Leave out the pictures and retype, exactly, the lines below from the line with "Bra Size Chart" up to and including the line with "ABD'nin batı yakasında", nothing more.

Study material —
——

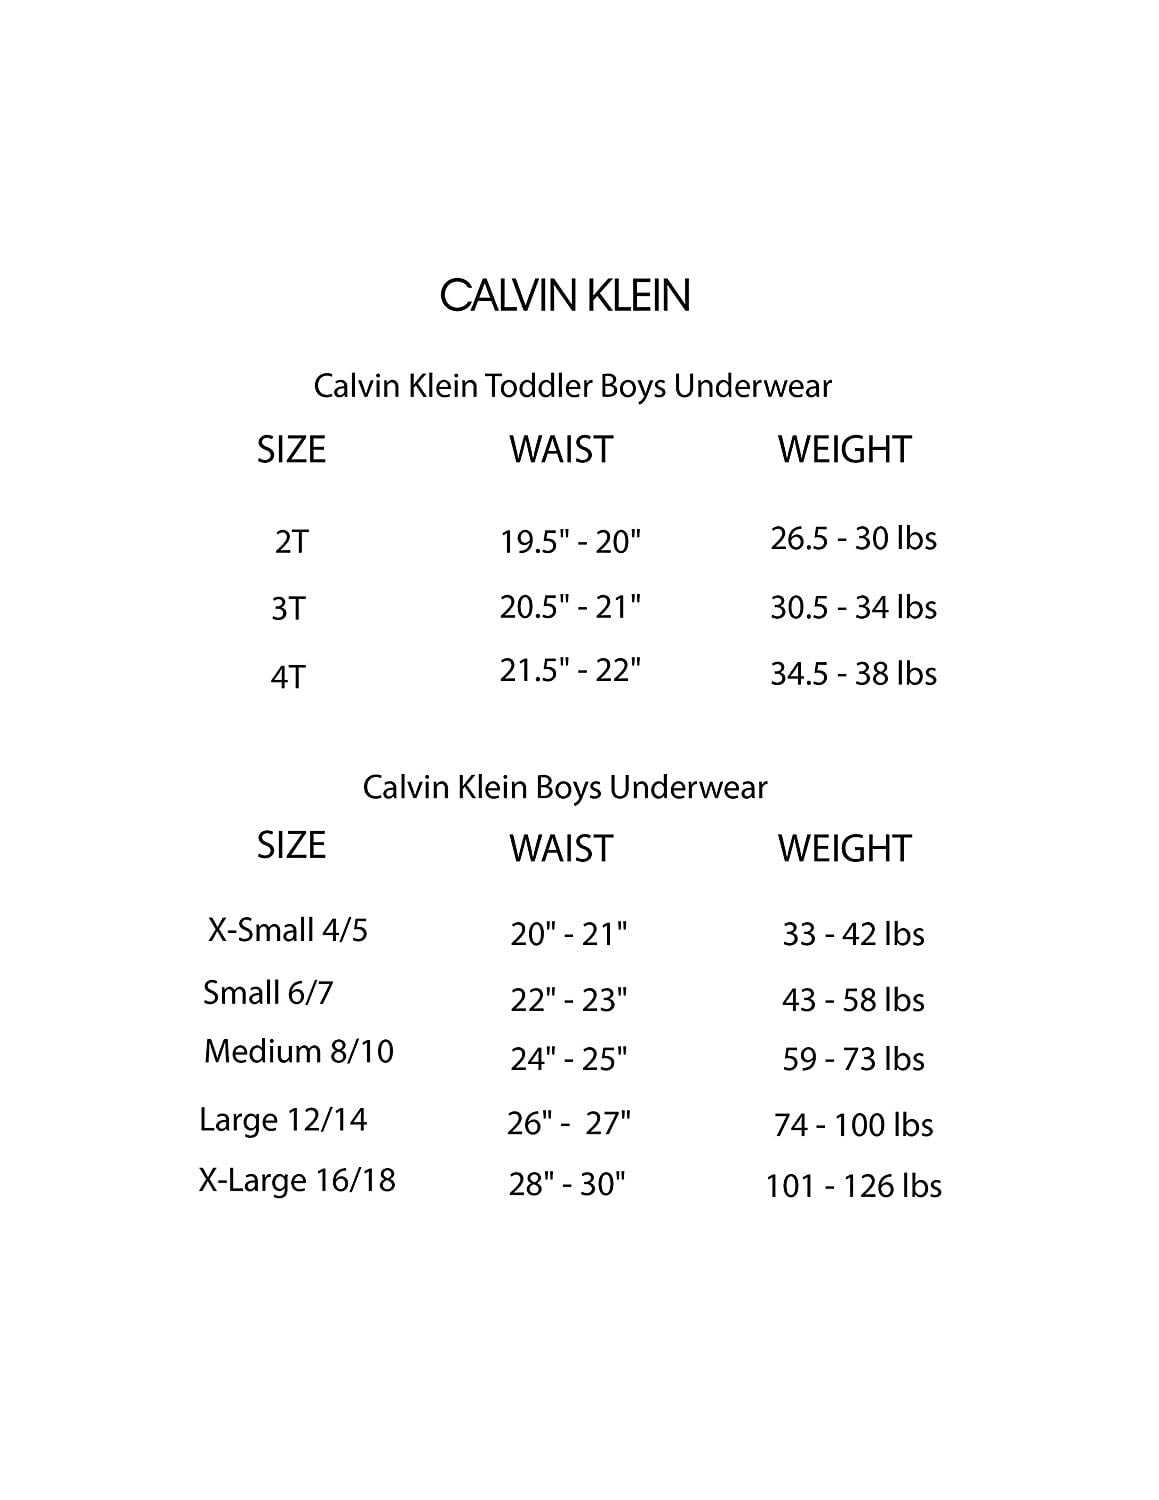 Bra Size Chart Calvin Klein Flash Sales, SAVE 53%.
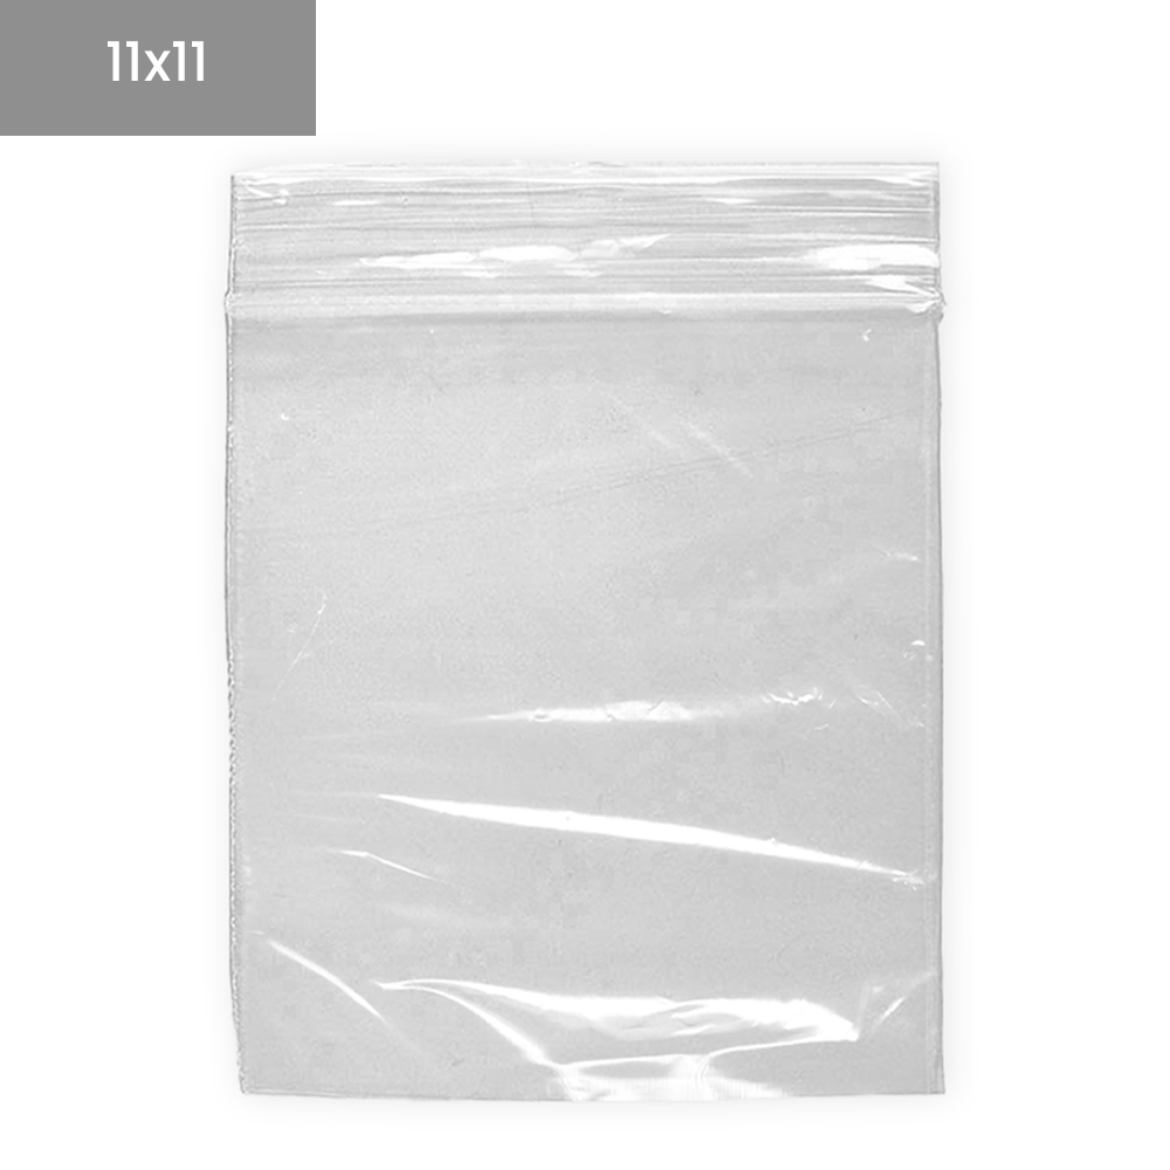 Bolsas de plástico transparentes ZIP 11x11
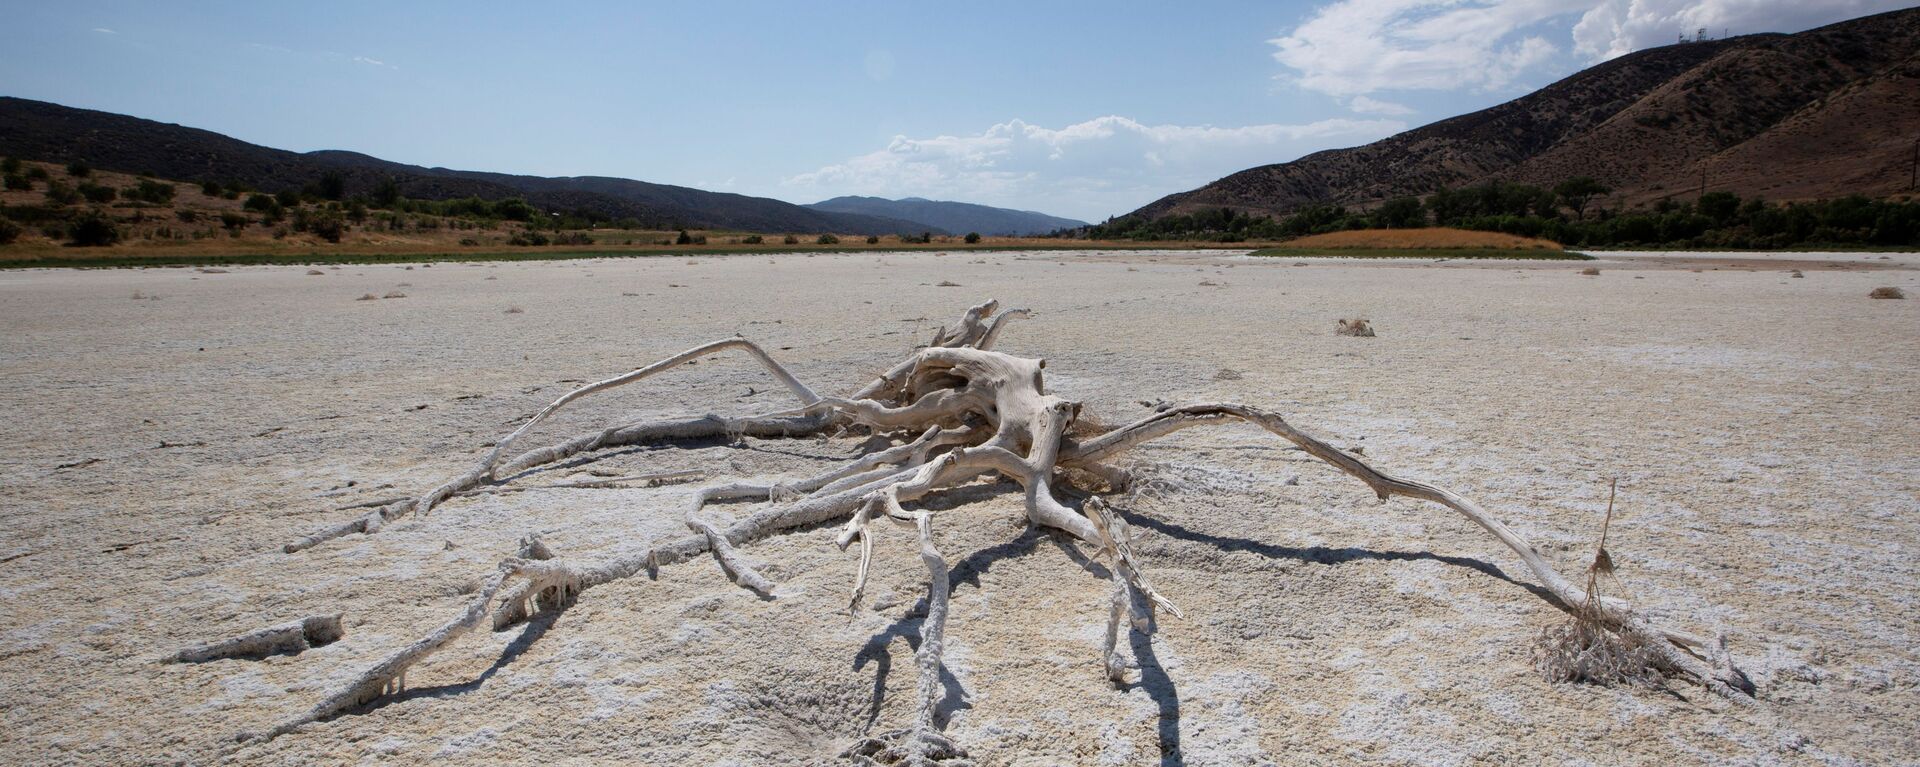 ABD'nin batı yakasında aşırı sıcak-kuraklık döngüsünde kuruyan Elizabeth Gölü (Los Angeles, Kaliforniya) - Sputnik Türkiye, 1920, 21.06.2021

——

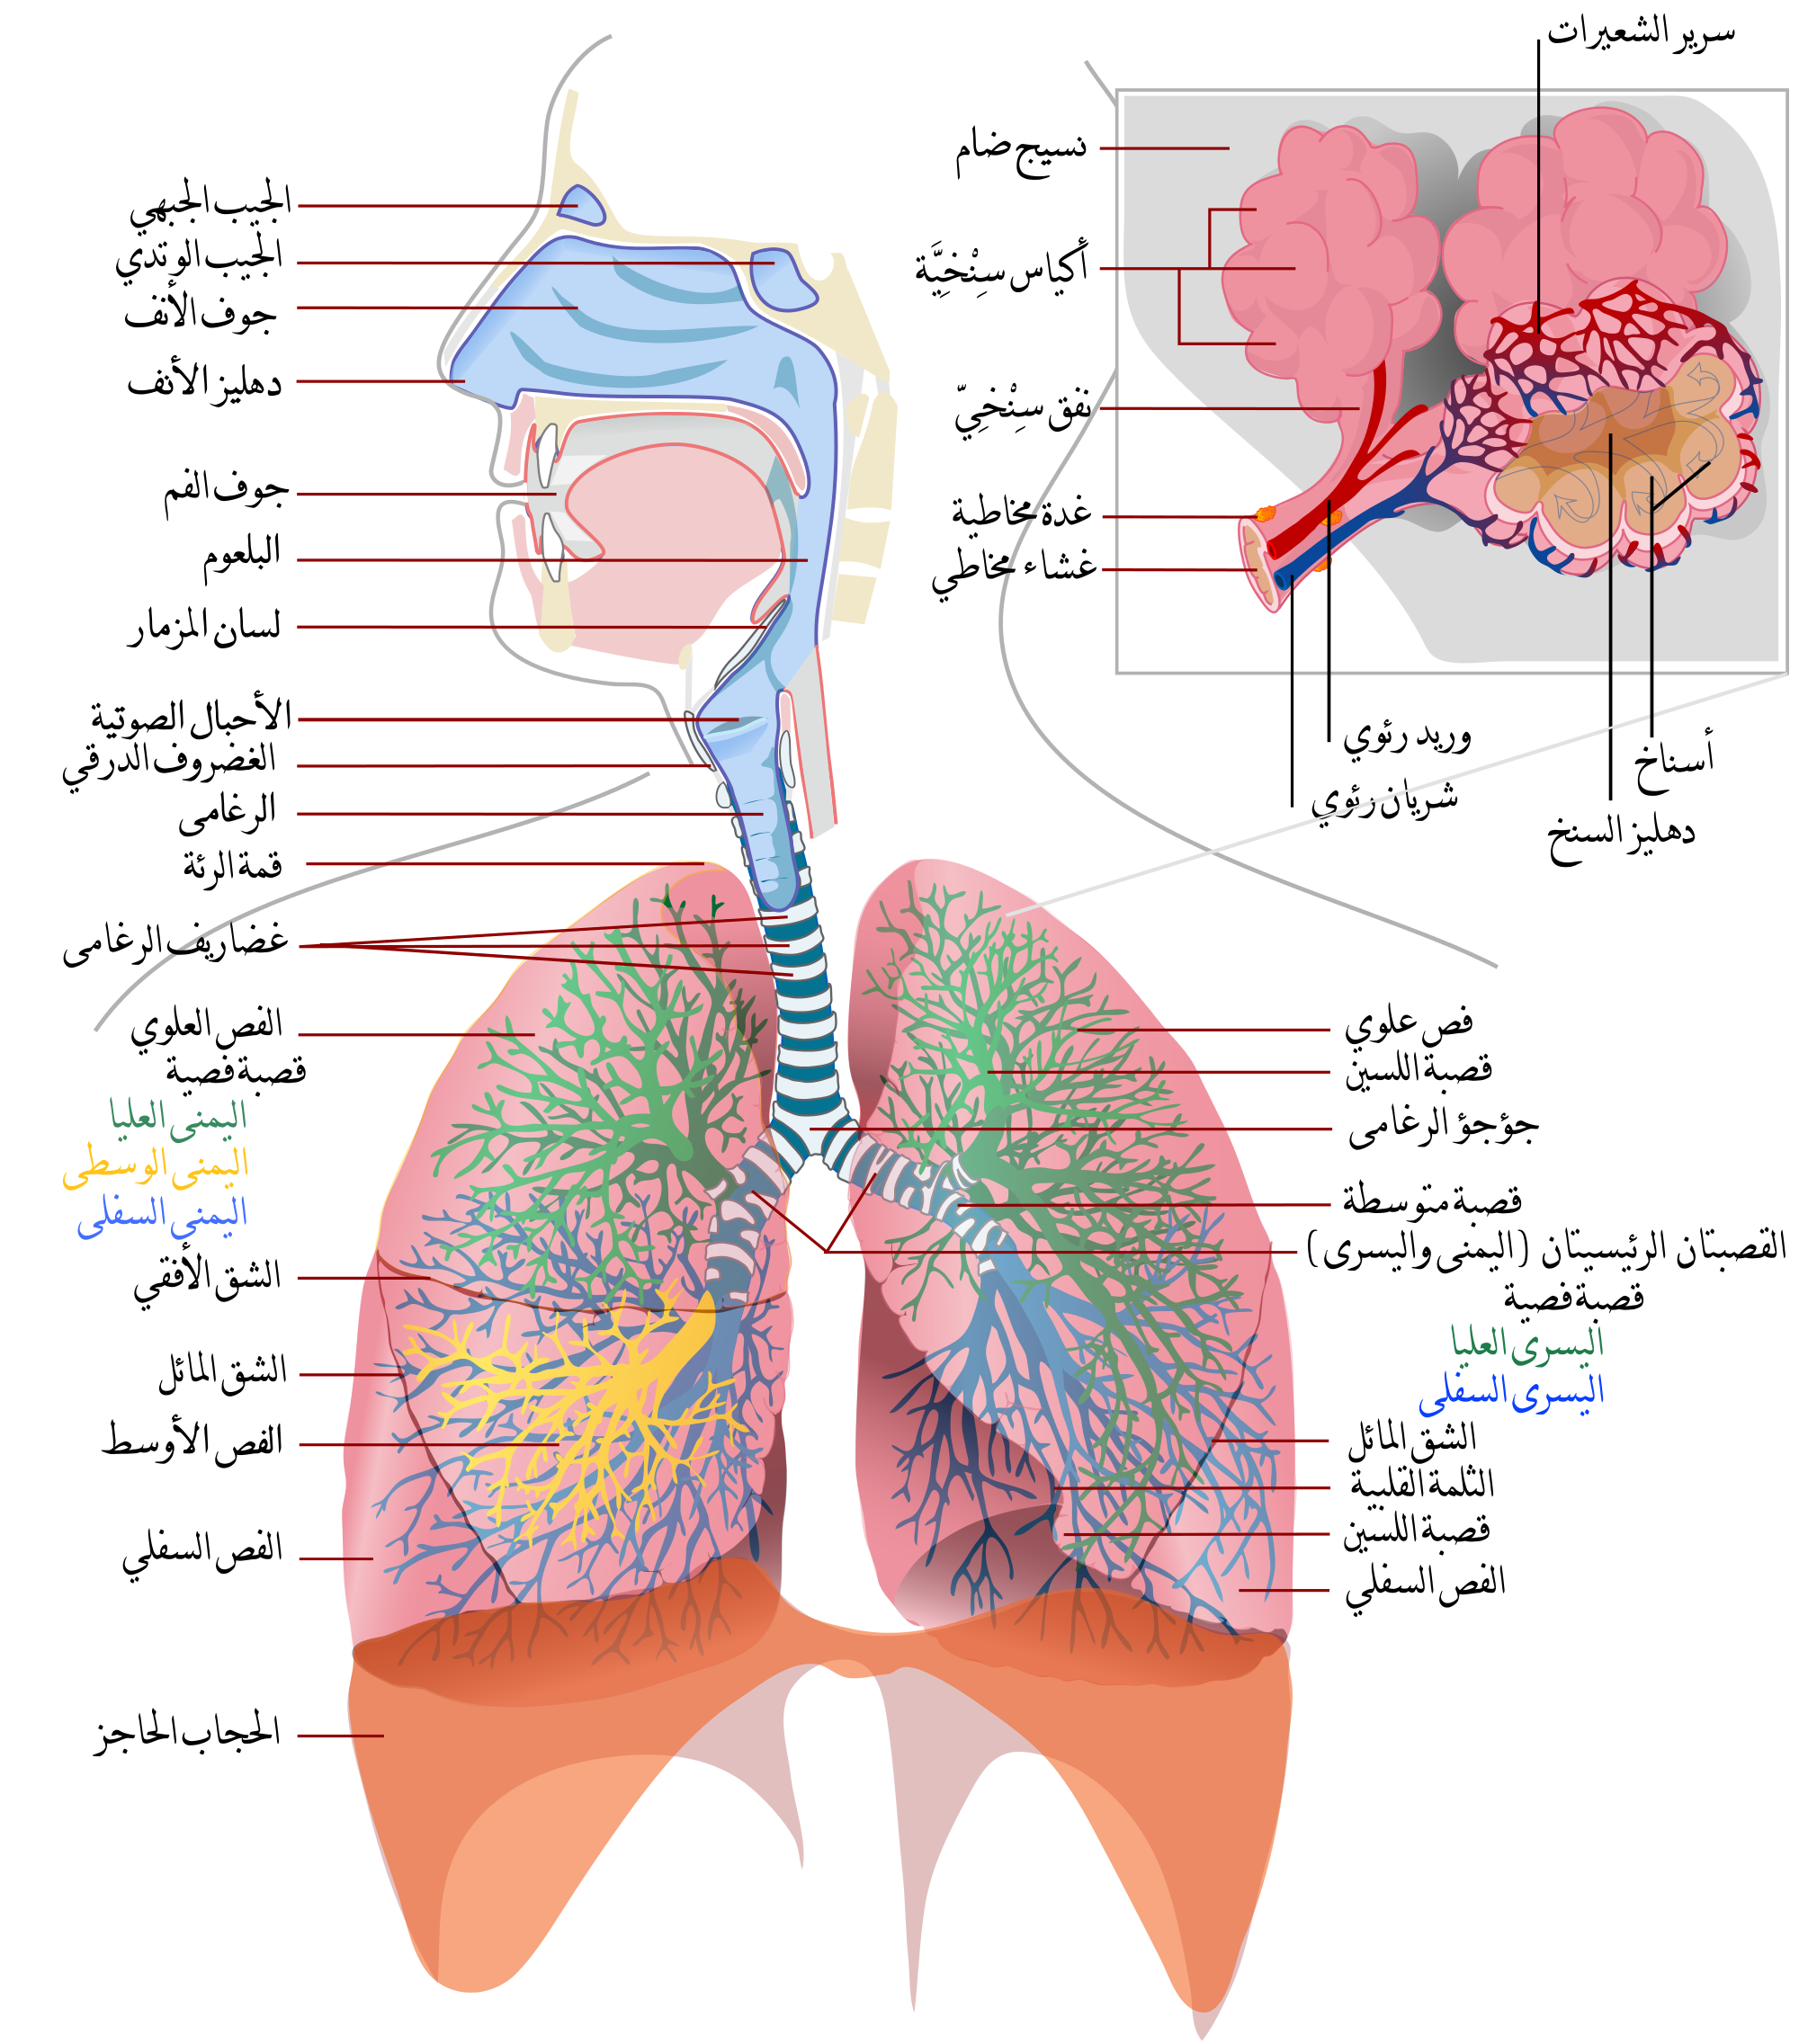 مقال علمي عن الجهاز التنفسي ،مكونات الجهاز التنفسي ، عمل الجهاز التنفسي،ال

——

Your response —
 Bra Size Chart Calvin Klein Flash Sales, SAVE 53%.
 Bolsas de plástico transparentes ZIP 11x11
 ABD'nin batı yakasında aşırı sıcak-kuraklık döngüsünde kuruyan Elizabeth Gölü (Los Angeles, Kaliforniya) - Sputnik Türkiye, 1920, 21.06.2021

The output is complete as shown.